> Given data:
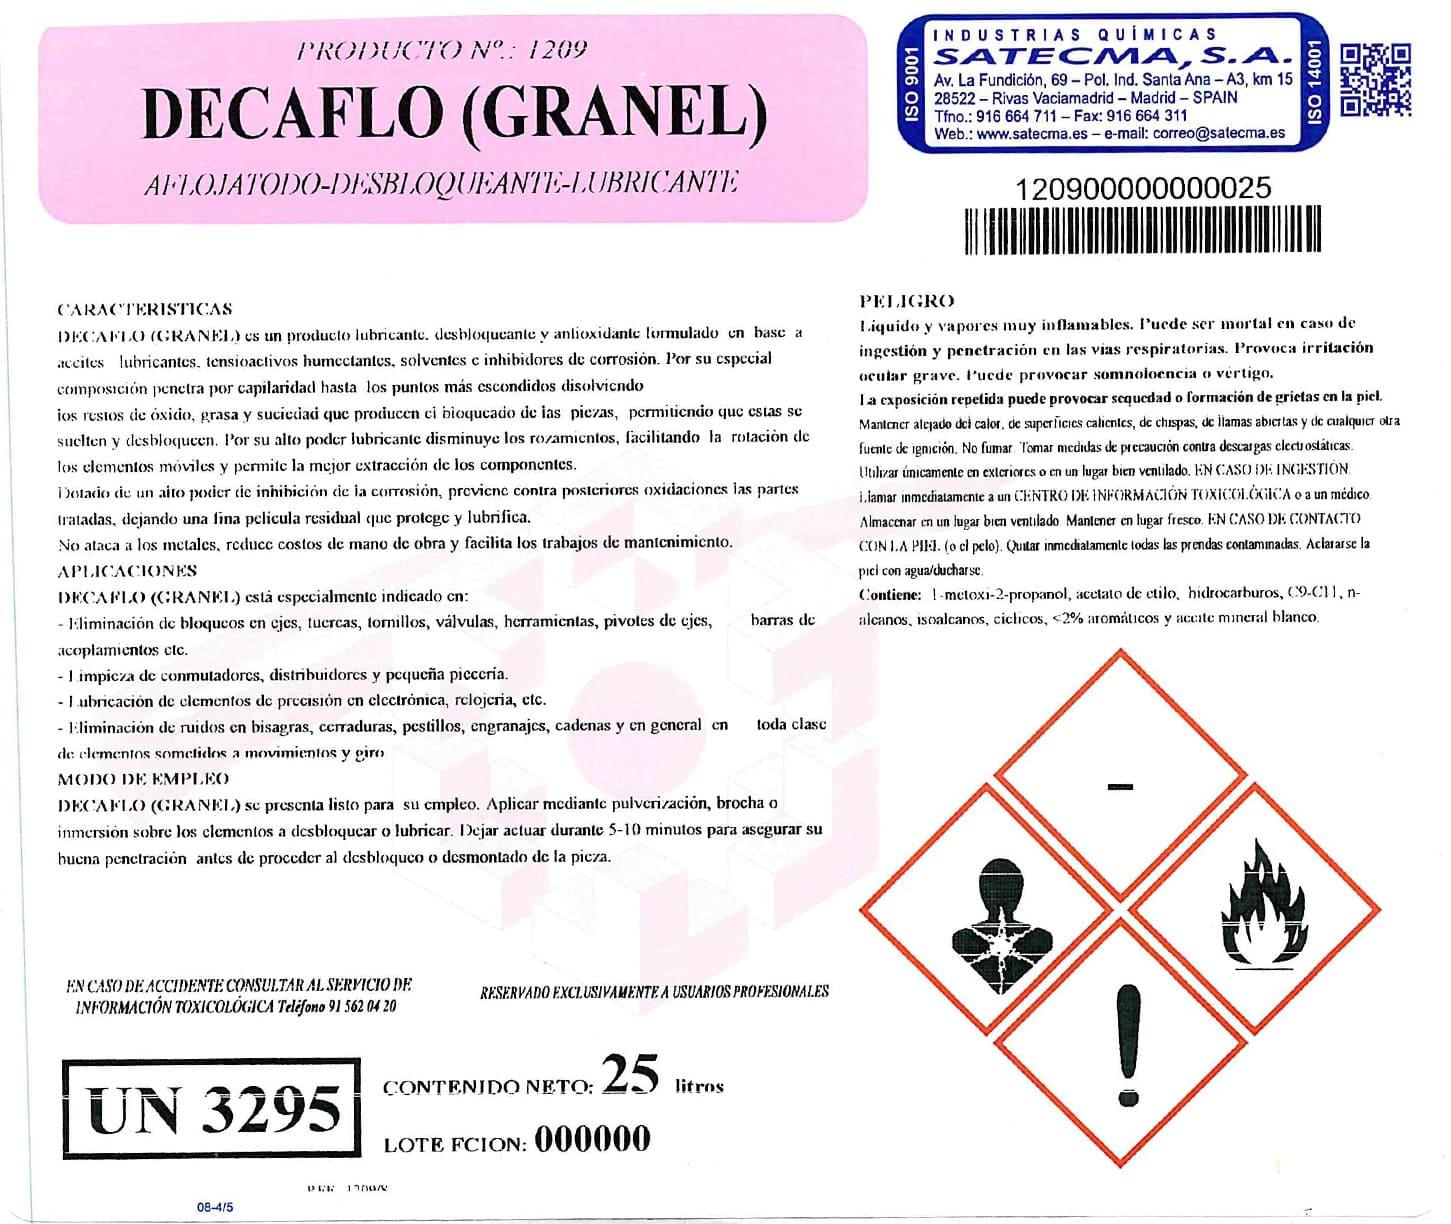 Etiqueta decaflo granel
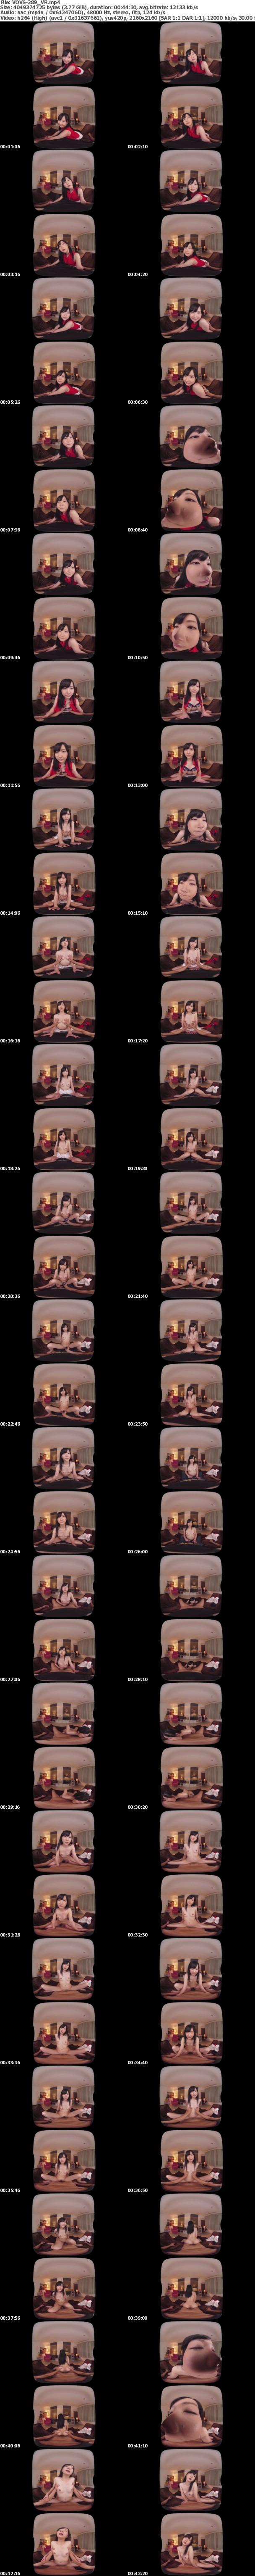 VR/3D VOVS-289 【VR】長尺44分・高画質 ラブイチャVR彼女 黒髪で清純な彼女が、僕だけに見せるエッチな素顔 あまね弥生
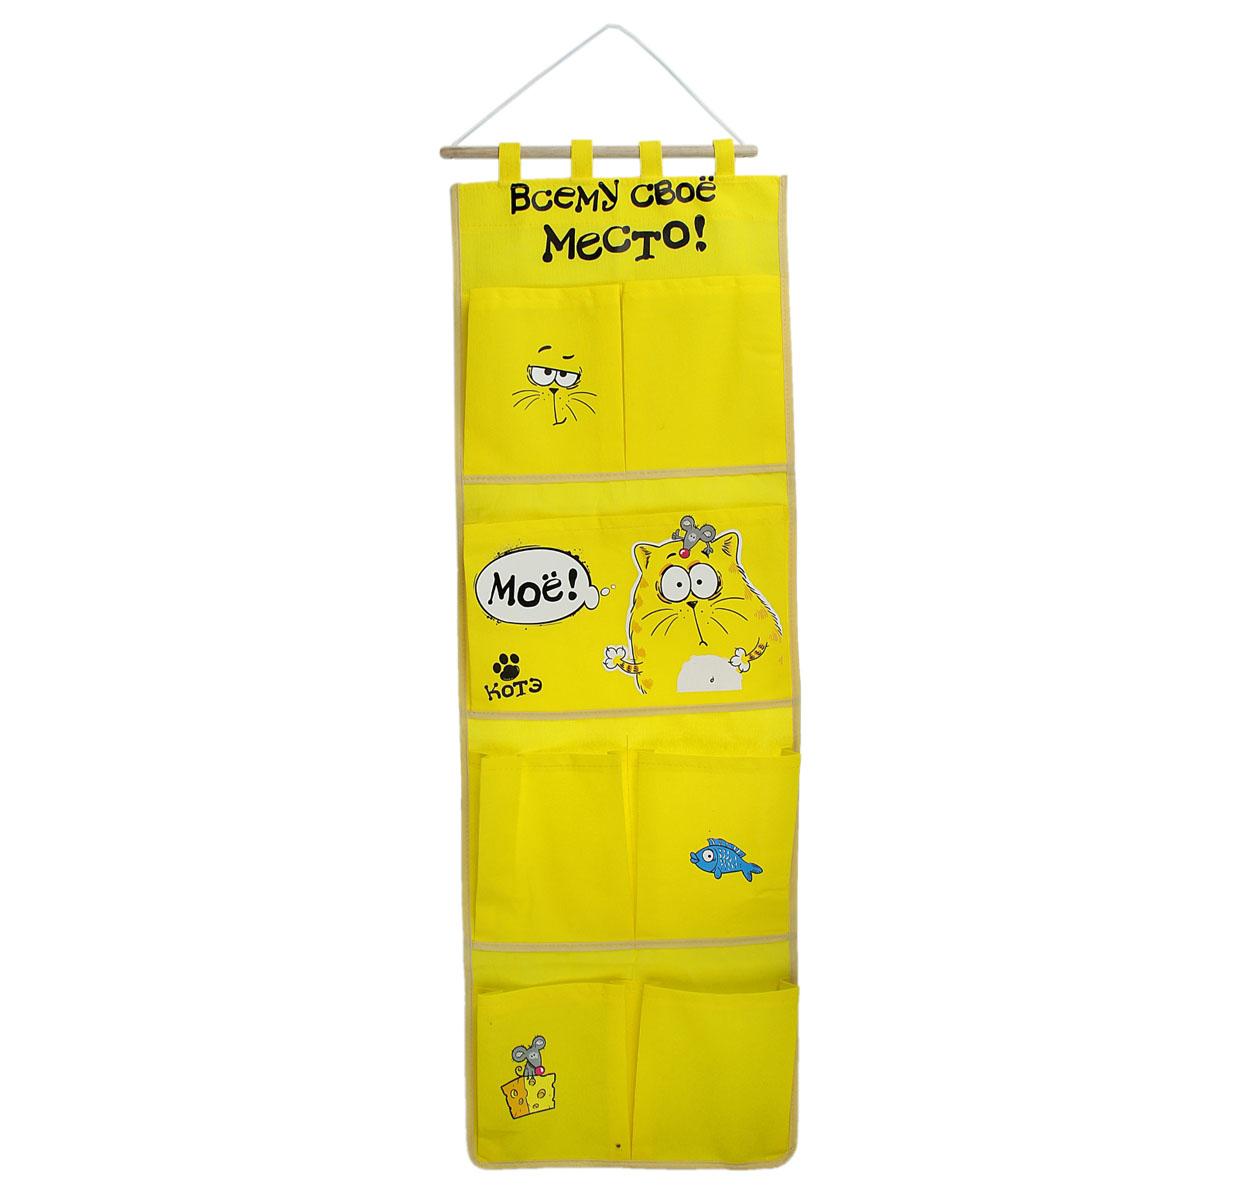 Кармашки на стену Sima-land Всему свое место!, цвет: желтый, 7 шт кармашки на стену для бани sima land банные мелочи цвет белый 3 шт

> About this exercise:
Reproduce the listing word for word and omit its pictures.

> Task solution:
 Etiqueta decaflo granel
 VR/3D VOVS-289 【VR】長尺44分・高画質 ラブイチャVR彼女 黒髪で清純な彼女が、僕だけに見せるエッチな素顔 あまね弥生
 Кармашки на стену Sima-land Всему свое место!, цвет: желтый, 7 шт кармашки на стену для бани sima land банные мелочи цвет белый 3 шт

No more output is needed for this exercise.